Мы обедаем с ней, сидя рядом с ее кроватью; я отдаю, через Ледюка, распоряжение хозяину, что уеду только завтра после обеда, и вижу, что муж и жена довольны. Мадам желает подняться, я ее оставляю, пообещав, что вернусь через час играть с ней в пикет на сотню. Я отправляюсь к себе, чтобы взять денег, и встречаю Дезармуаза, который уверяет, что моему кучеру дали два луи, чтобы он взял вместо своей лошади больную. Я говорю ему, смеясь, что нельзя выиграть на одном и не потерять на другом, что я влюблен в м-м Z, и что я откладываю свой отъезд до того момента, пока не буду удовлетворен.
Я вернулся к ней и играл партию в пикет, по луи за сотню, до восьми часов. Я покинул их, под предлогом, что болит голова, заплатив десять-двенадцать луи и напомнив ей, что она должна ждать меня в постели в восемь часов, чтобы накормить завтраком. Я оставил ее в большой компании.

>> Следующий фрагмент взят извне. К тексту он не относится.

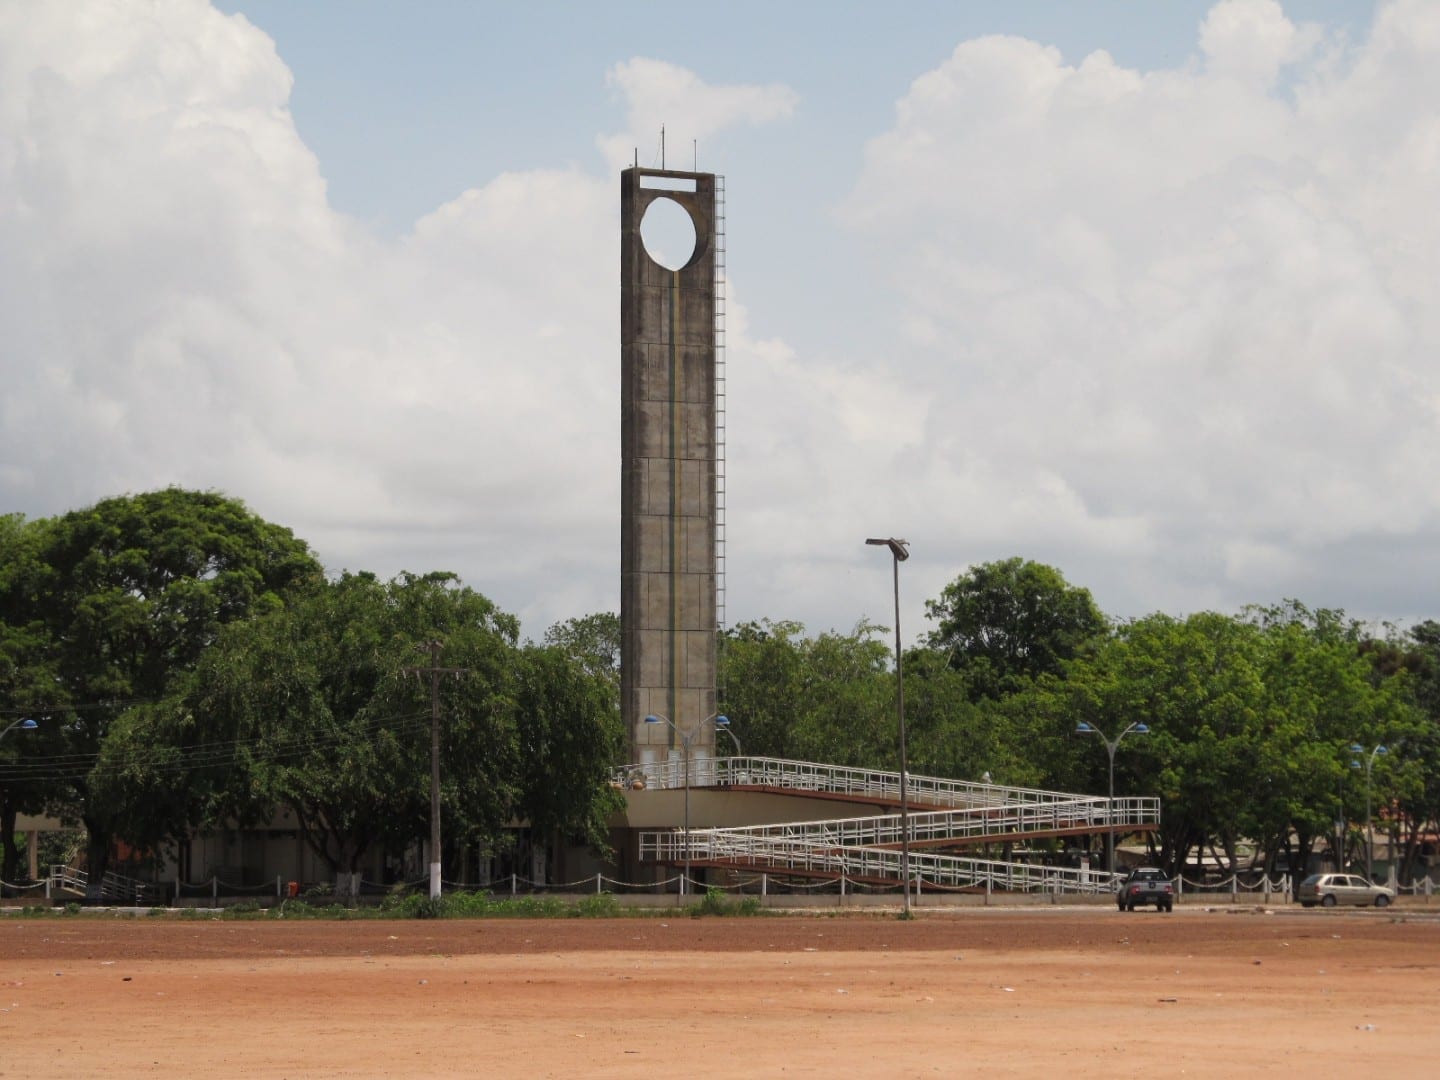 El monumento de la Marca Cero, donde el ecuador pasa por Macapá Macapá Brasil

Я пошел в одиночестве к дому, где должен был говорить с М.М., при свете луны, волнуясь о результате этого посещения, от которого могла зависеть моя судьба. Испытывая некоторые подозрения о возможной ловушке, я положил в карманы надежные пистолеты и взял шпагу. В двадцати шагах от дома я вижу крестьянку, которая говорит, что монахиня не может спуститься ко мне, я должен сам подняться к ней в комнату, проникнув через окно. Она проводит меня позади дома и показывает лестницу, прислоненную к окну, через которое я должен пролезть. Не видя света, я остаюсь в нерешительности, но слышу голос М.М., говорящей мне: «Идите и ничего не бойтесь», из этого самого окна, которое, впрочем, расположено не слишком высоко, сомнения меня покидают, я поднимаюсь, вхожу и – я сжимаю ее в своих объятиях, осыпая поцелуями ее лицо. Я спрашиваю по-венециански, почему она не зажигает свечи, и прошу удовлетворить мое любопытство, рассказав всю историю этого события, которое кажется мне чудесным.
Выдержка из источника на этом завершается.